Nathan - emailed you, but the message got bounced back as an invalid address. 

Anyway, I don't have any specific people in mind, just think that you might get more traction by teaming with TU and other Sportsmen groups like Rocky Mountian elk Foundation. There was recently a rally sponsored by TU to preserve upper C flows. 

I understand now that "features" of some kind need to be built to provide beneficial use in order to protect the water rights secured by Grand County. Looking at it from that perspective, I can see that it would be beneficial economically and environmentally for Grand County to secure the rights by developing some part of the Upper C.


----------



## nathanfey (Jun 7, 2006)

caspermike said:


> Colorado is backwards as that's why the water flows backwards there


 Agreed. but do you accept that, or do something to fix it?


----------



## nathanfey (Jun 7, 2006)

deepsouthpaddler said:


> Folks debating whether a dirt road should be a paved road, or whether the free camping will still be there are completely missing the point. The point is keeping the water there. You won't really care about the road or the camp spot if the water is all gone, and you don't run the river any more.

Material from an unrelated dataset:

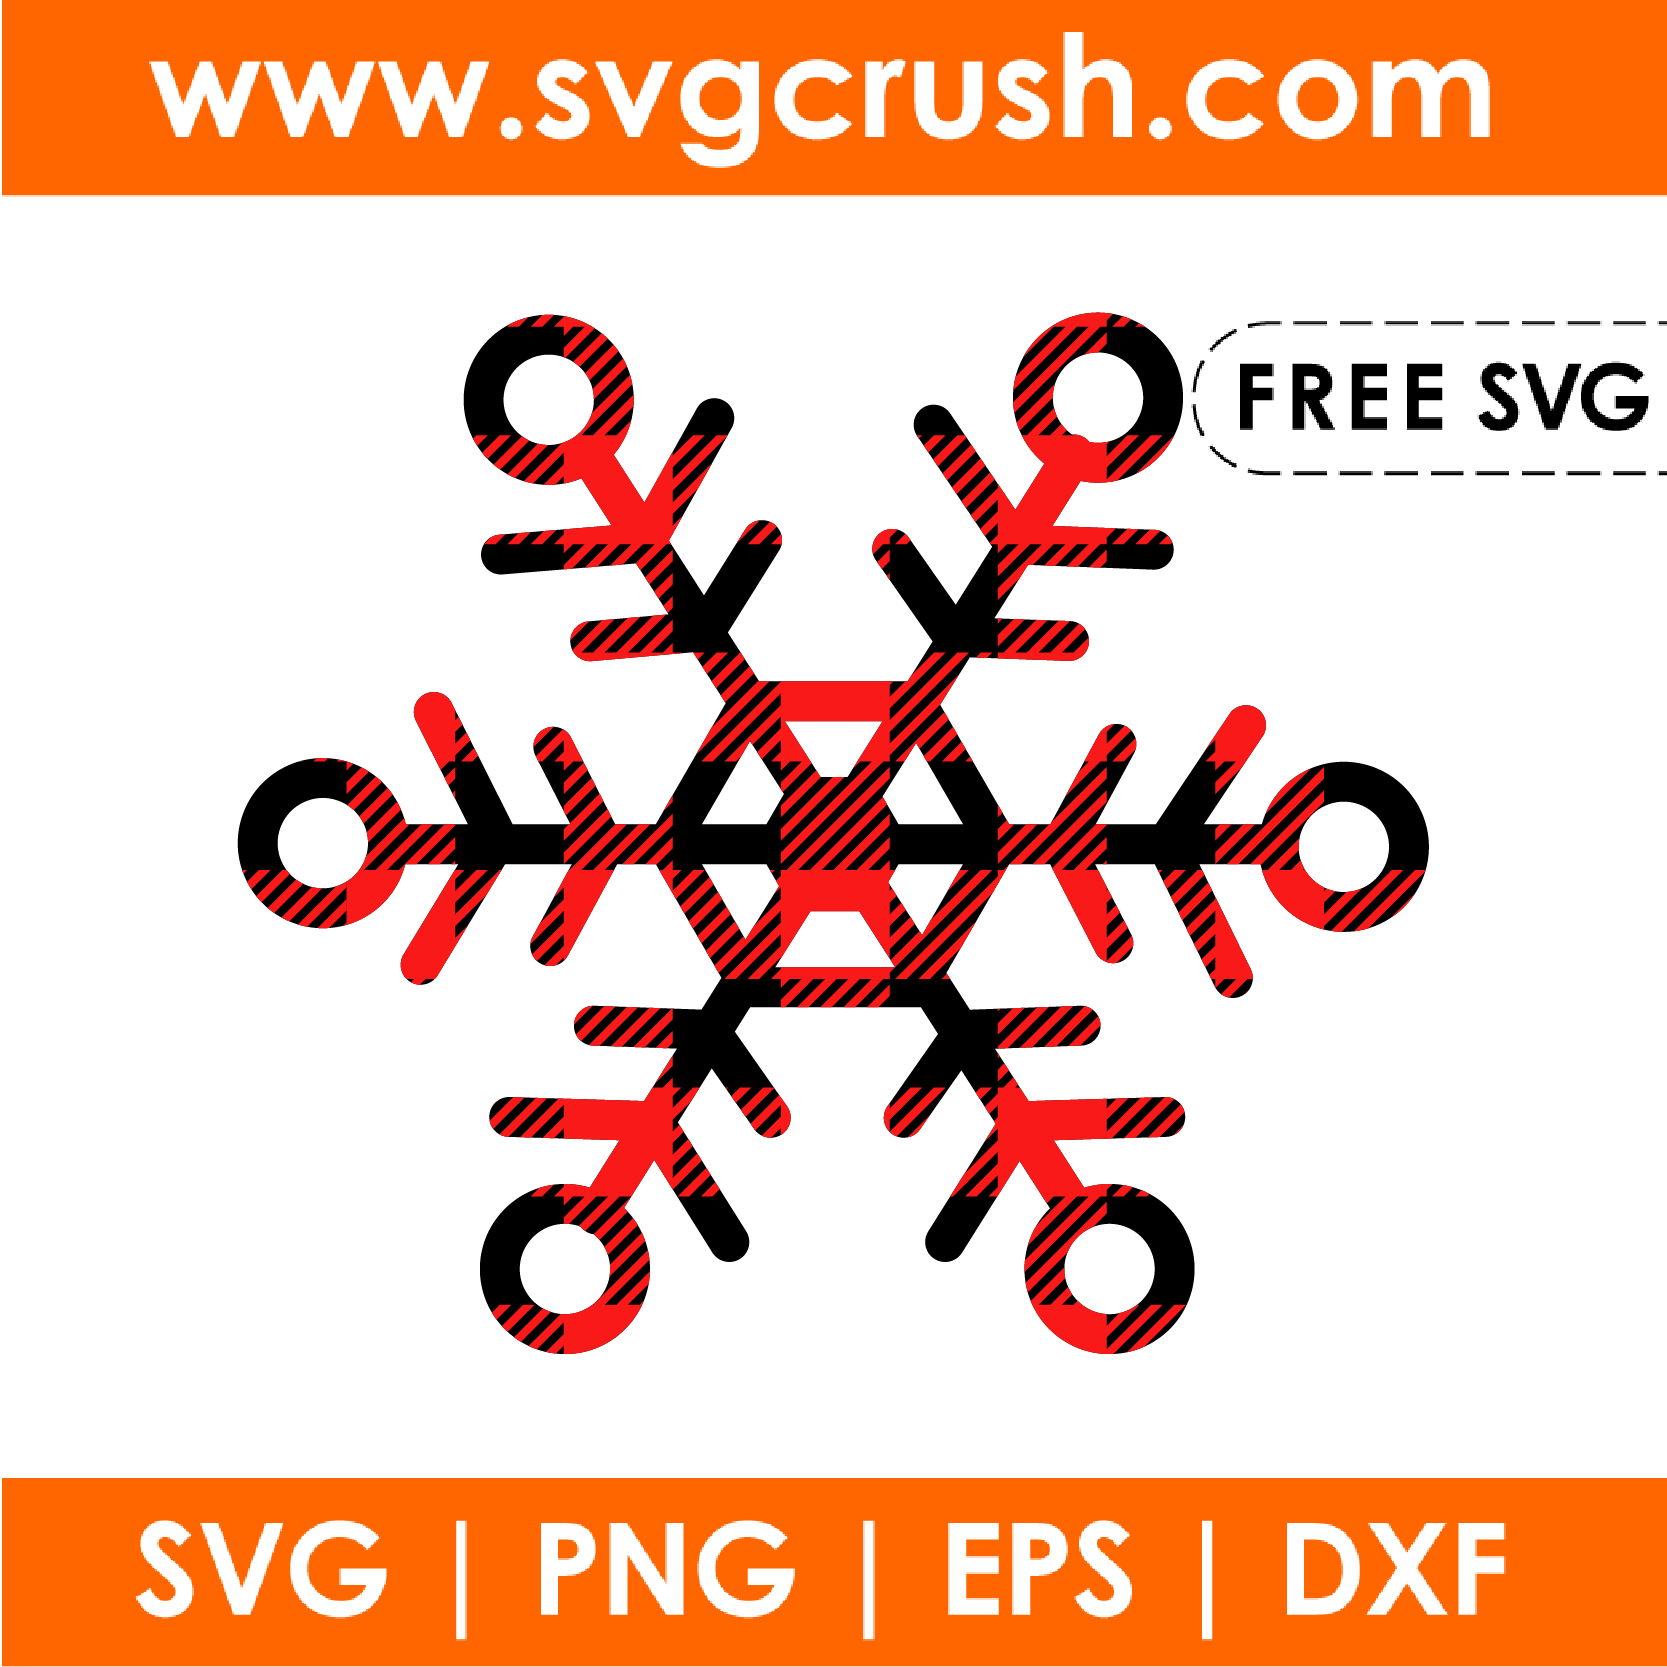 free snowflake-plaid-001 svg
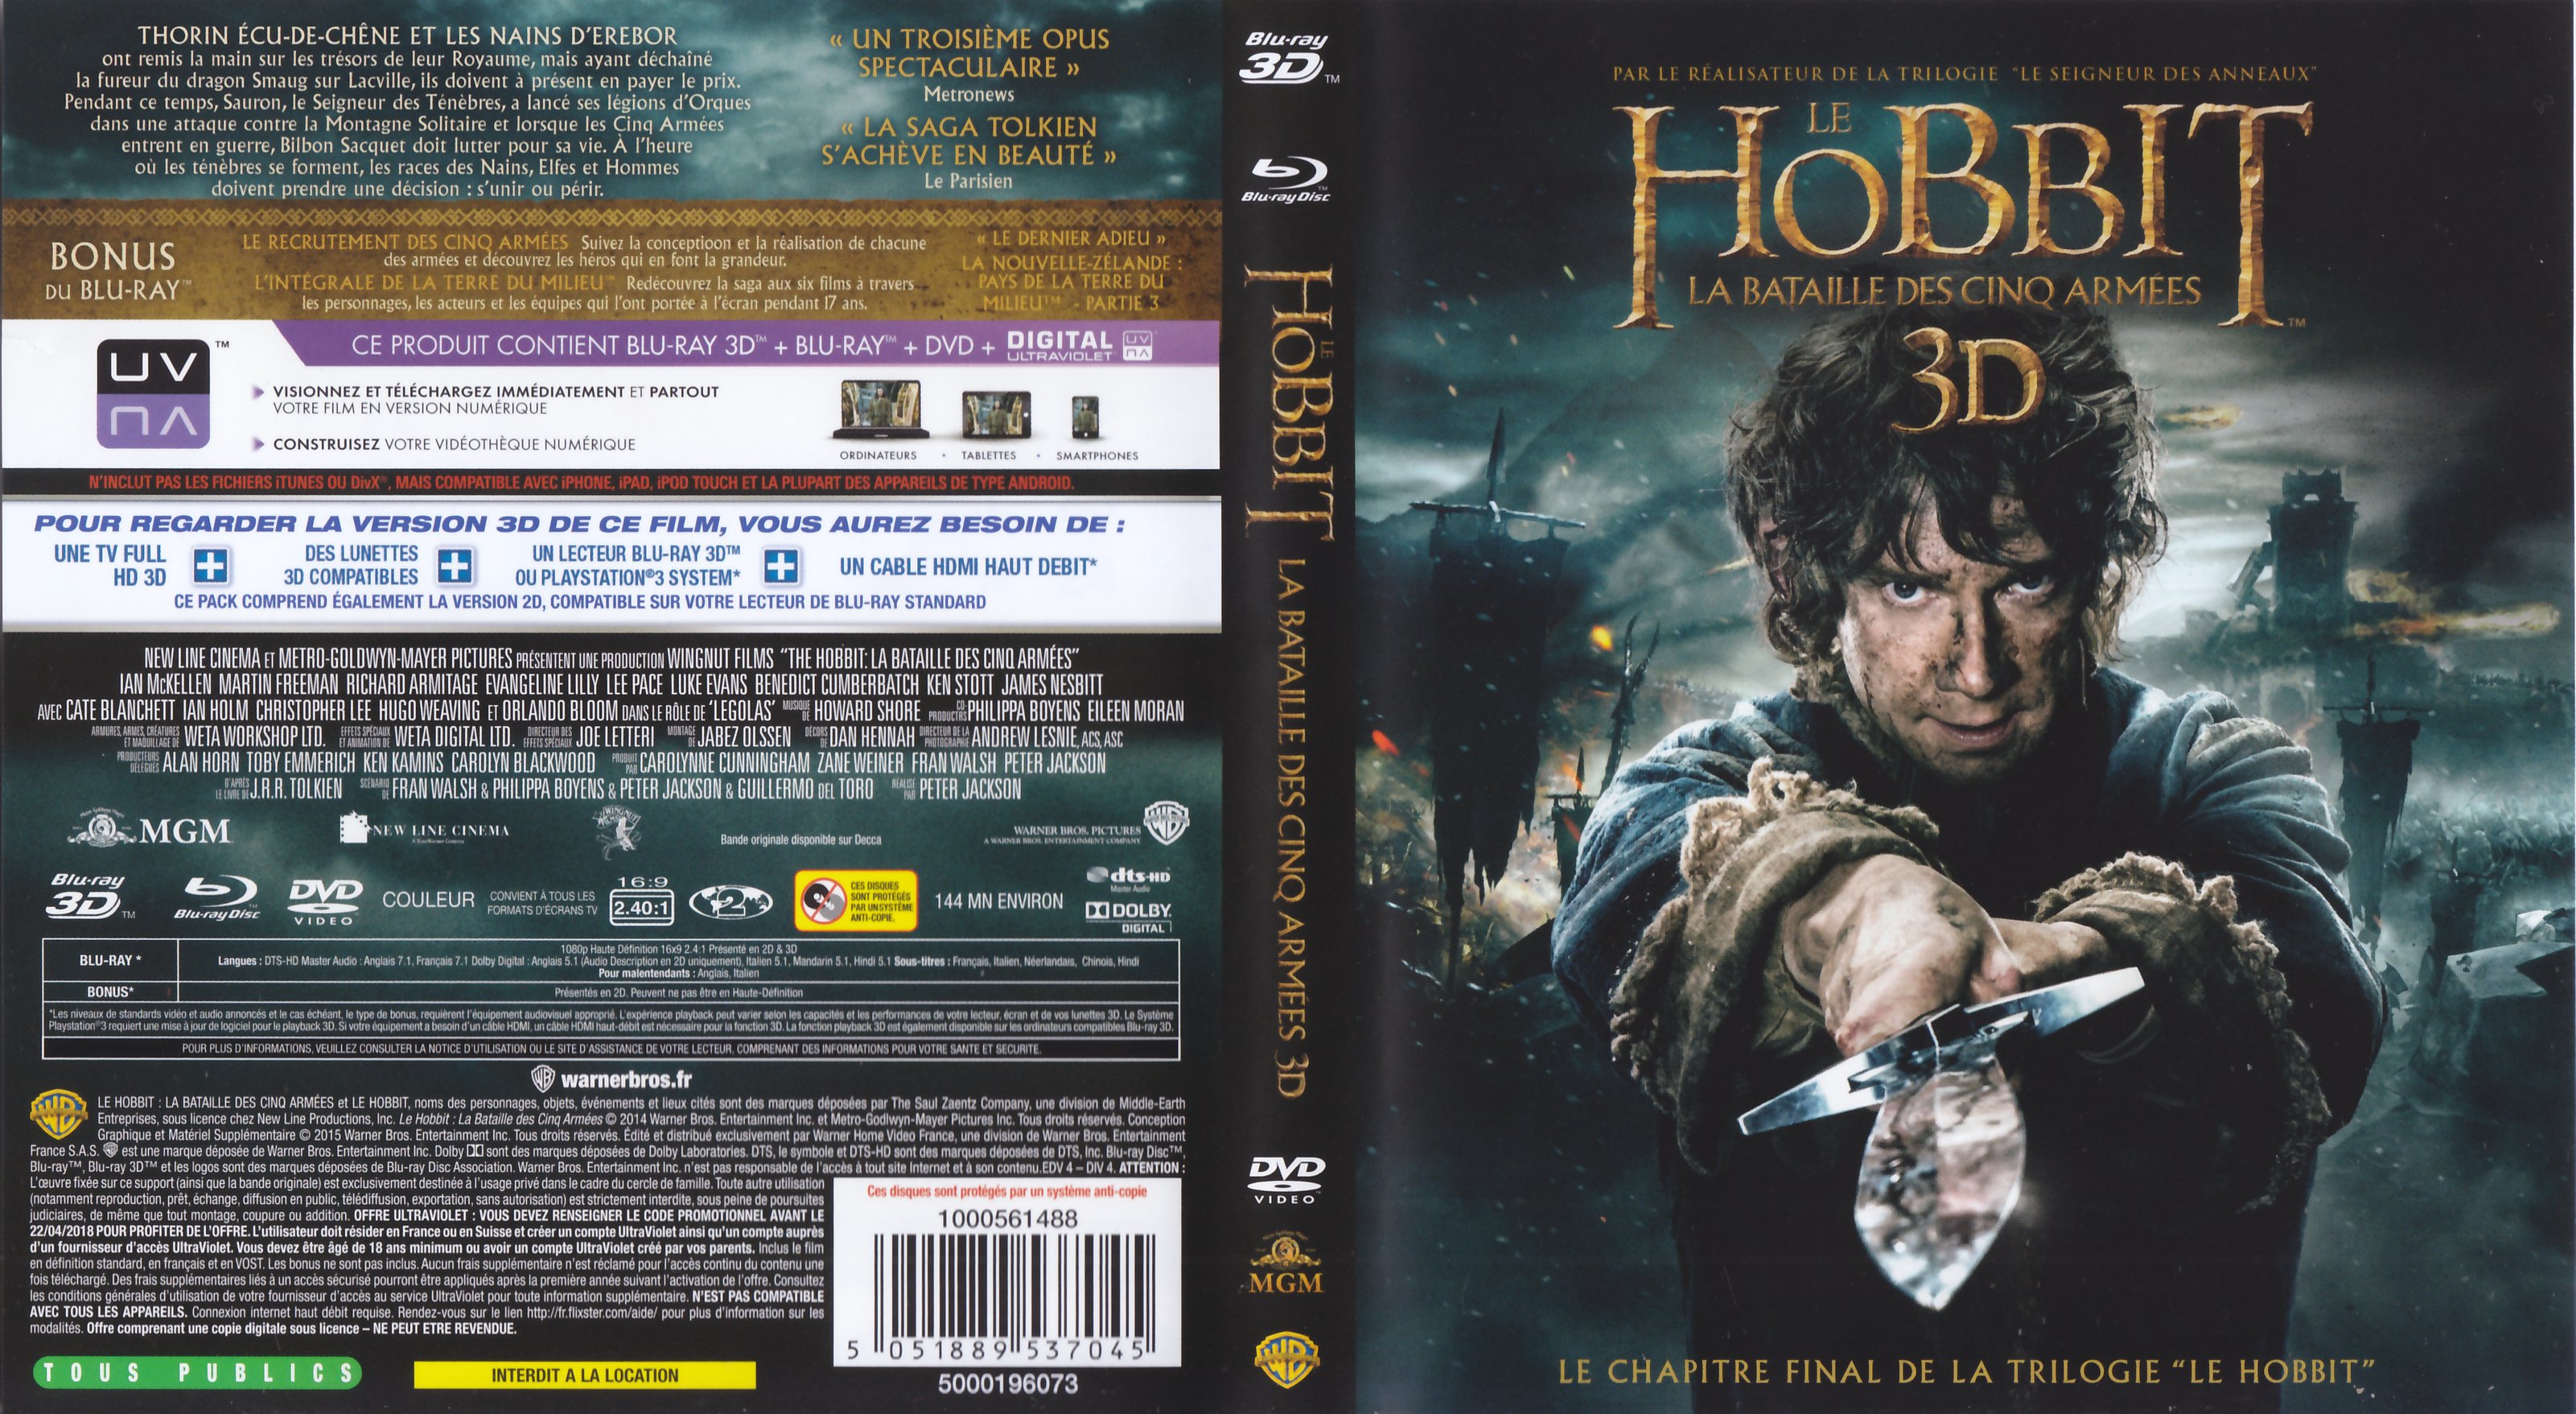 Jaquette DVD Le Hobbit la Bataille des Cinq Armes 3D (BLU-RAY) v3

There is a public comment period under NEPA for any and all actions that are taken on public lands, including road building, trails, campgrounds and in-channel construction. We will all have a chance to provide our thoughts and comments in the permitting phase. 

Id like to steer us back to the task here:
Right now, we need your help in showing support for use of boatable streamflows (and healthier environmental flows), beyond Labor day. Opposition to the RICD filing and the Whitewater park (assume front range water providers) are making a case that paddlers dont care if the season extends into the fall, and that streamflows can drop back down to base-flow levels. 
- If you have comments on the overall project - save 'em. 
- IF you want to help protect streamflows in Gore and the Upper Colorado, send an email to Caroline.

Thanks for the discussion.


----------



## nathanfey (Jun 7, 2006)

CGM said:


> Nathan - emailed you, but the message got bounced back as an invalid address.


Seems I cant spell...
[email protected]


----------



## nathanfey (Jun 7, 2006)

admins, can we link these threads?

http://www.mountainbuzz.com/forums/...ts-for-gore-canyon-whitewater-park-34238.html


----------



## ~Bank (Jul 31, 2010)

Economics are everything...Money is the driving force for Grand County...Grand County wants to protect It's wildlife, recreation, and natural beauty. Most of us here in Grand County could not survive with out tourism. Our recreation district knows how to build skate parks, bike parks, and anything else that will insure tourism is here to stay. Building the park will make the water more valuable so Denver will have to pay more for the water when they want it. If all of us in grand county watered our yards 24/7 all year would the flows increase? Don't worry we are good at seeding spring clouds. I support anything and everything that makes economic sense. I am supportive of clustering the turists as close together as possible and charging them to do so...I hope we don't have to build a Manhattan in the village when they all show up to enjoy beautiful Grand County...


----------



## BoilermakerU (Mar 13, 2009)

CaroBradford said:


> ...This is NOT proposed as another launch for rafts although there will be good viewing for folks who just want to hang out and watch at both sites...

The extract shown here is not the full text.